Having regard to the decision to apply Article 29 § 3 of the Convention and examine the admissibility and merits of the case together,

Having regard to the observations submitted by the respondent Government and the observations in reply submitted by the applicant,

Having deliberated, decides as follows:

THE FACTS

The applicant, Mr Arjen Mathijs Koman, is a Netherlands national who was born in 1966 and lives in The Hague. He is represented before the Court by Mr J.A.W. Knoester, a lawyer practising in The Hague.

The Government are represented by their Agent, Mrs J. Schukking of the Netherlands Ministry for Foreign Affairs.

A.  The circumstances of the case

The facts of the case, as submitted by the applicant, may be summarised as follows.

On 24 October 1999 the applicant entered a snackbar at Gouda Central Station wearing a balaclava and forced the staff at knife-point to hand him money from the till. He was stopped by railway police as he tried to leave the station. It was later reported that his breath smelt of drink.

The applicant was arrested and detained for questioning (ophouden voor verhoor) at 3.59 p.m.

At 4.30 p.m. the applicant was seen by an assistant public prosecutor (hulpofficier van justitie), a senior police officer competent to give certain orders in criminal cases. At 7 p.m. the applicant was seen by a doctor. Both found that the applicant was not in a fit state to be questioned. It appeared that he was much the worse for drink and drugs.

The six-hour time-limit within which the applicant should have been either released or ordered taken into police custody (inverzekeringstelling) ended at 9.59 p.m.

The applicant was brought before an assistant public prosecutor the following morning, 25 October 1999, at 9.45 a.m. He was questioned by police officers at 10.02 a.m. and 10.51 a.m. At 11.50 a.m. the applicant was again brought before the assistant public prosecutor, who ordered him to be placed in police custody at noon.
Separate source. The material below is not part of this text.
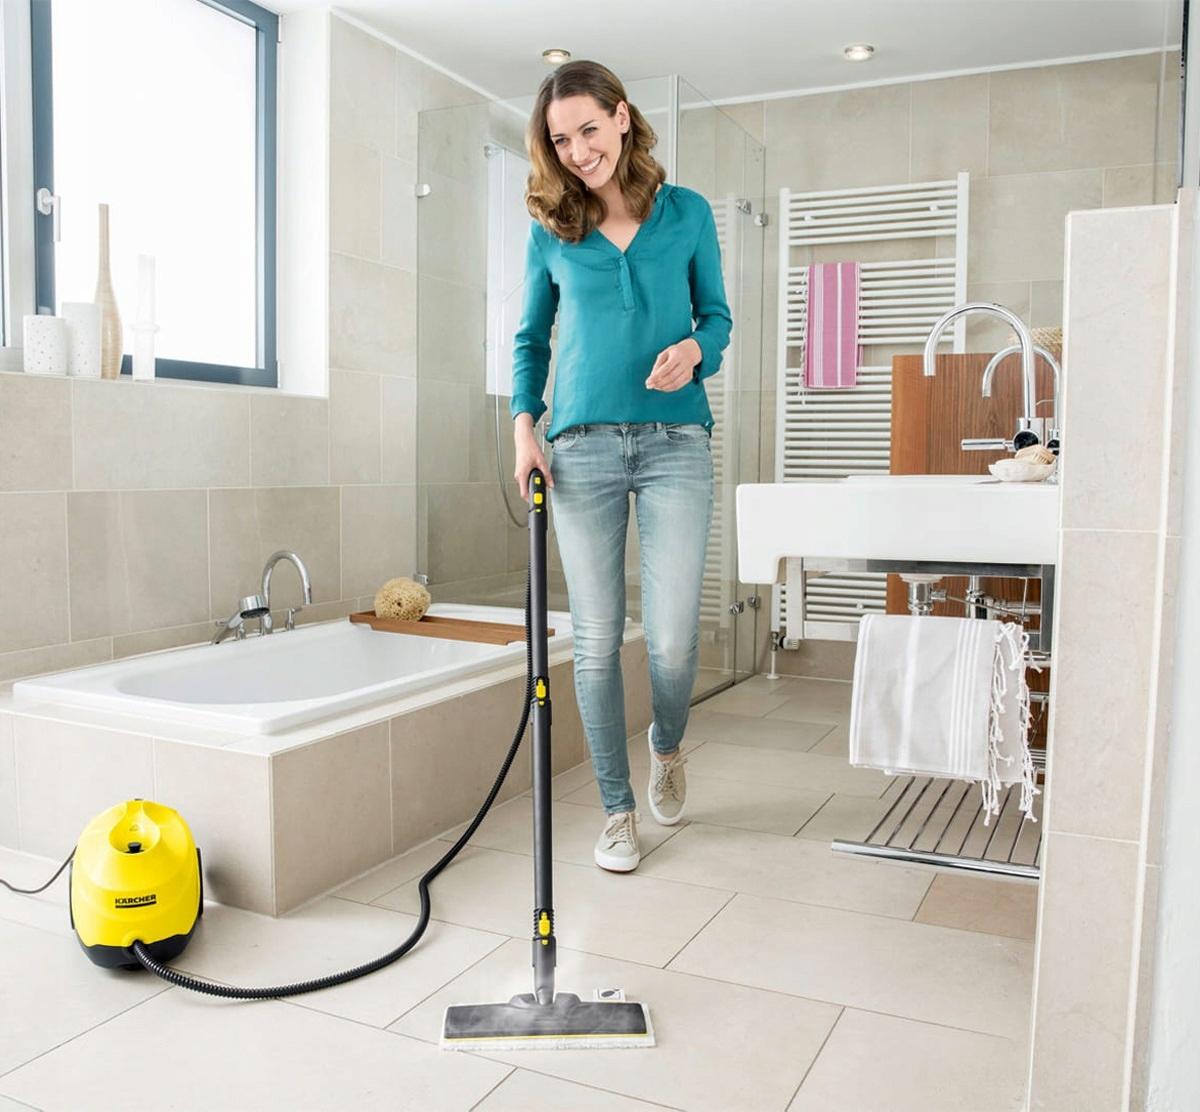 Karcher shower cleaner 650 gsm tarpaulin

On 27 October 1999, the applicant, assisted by counsel, was heard by an investigating judge (rechter-commissaris). He asked to be released immediately. This the investigating judge refused to do. She found the police custody to be unlawful as a matter of domestic law but ordered that the applicant be taken into detention on remand. The official record drawn up by the investigating judge contains her decision, which is in the following terms:

“The suspect [verdachte; i.e. the applicant] was arrested on 24 October at 3.59 p.m., but was unresponsive (niet aanspreekbaar). He was then locked in a cell to sober up and brought before the assistant public prosecutor on 25 October 1999 at 9.45 a.m.
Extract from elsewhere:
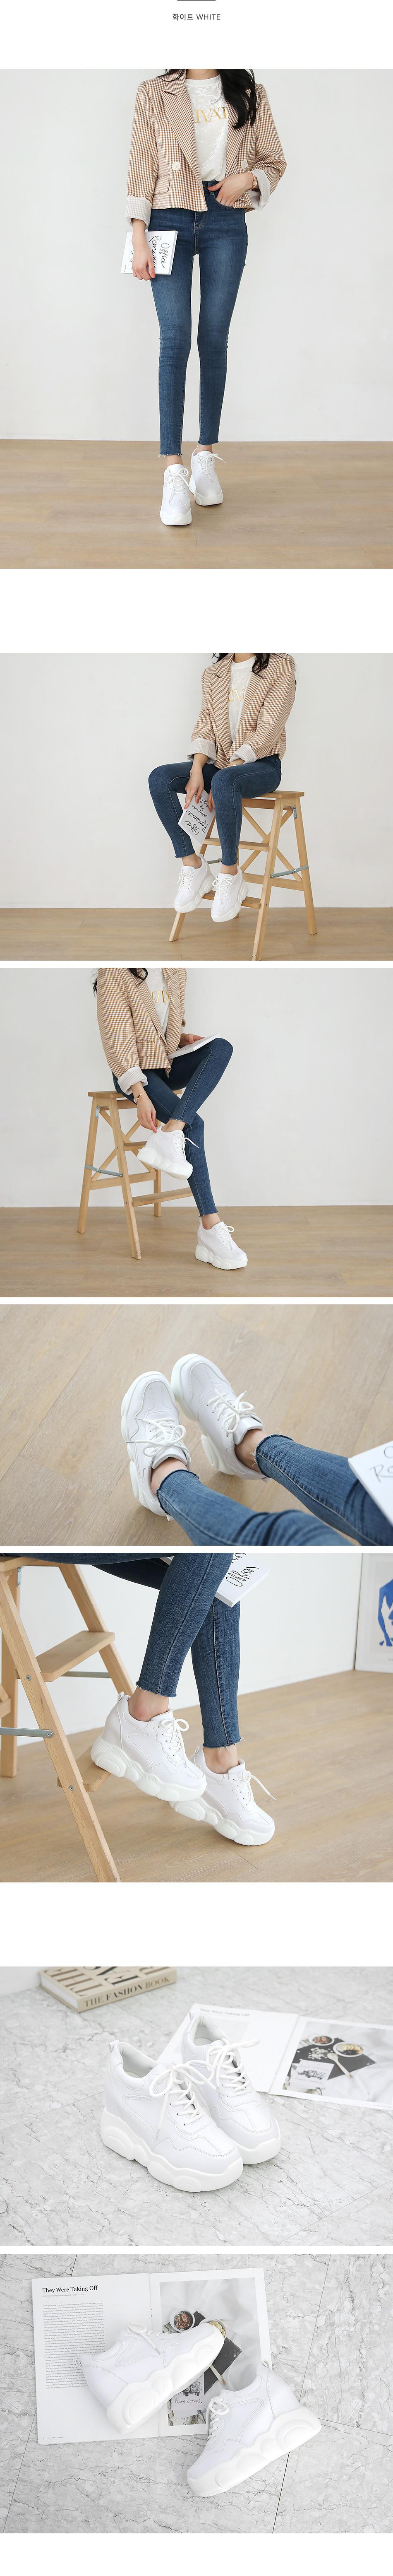 Glea height sneakers 9cm

The suspect was questioned at 10.02 a.m. and 10.51 a.m., after which he was again brought before the assistant public prosecutor at 11.50 a.m. and taken into police custody at 12 noon, that is, 20 hours after his arrest. Since it appears that the applicant was responsive (aanspreekbaar) by 9.45 a.m., he ought not to have been taken into police custody only at 12 noon. In view of the seriousness of the crime of which the suspect is suspected and the serious indications (ernstige bezwaren) that have arisen in his regard, the request for immediate release must be refused, the applicant having been taken into detention on remand without preliminaries (nu de verdachte rauwelijks in bewaring is gesteld).”

The applicant was tried by the Regional Court (arrondissementsrechtbank) of The Hague on 2 February 2000. The judgment notes that he was taken into police custody on 25 October 1999.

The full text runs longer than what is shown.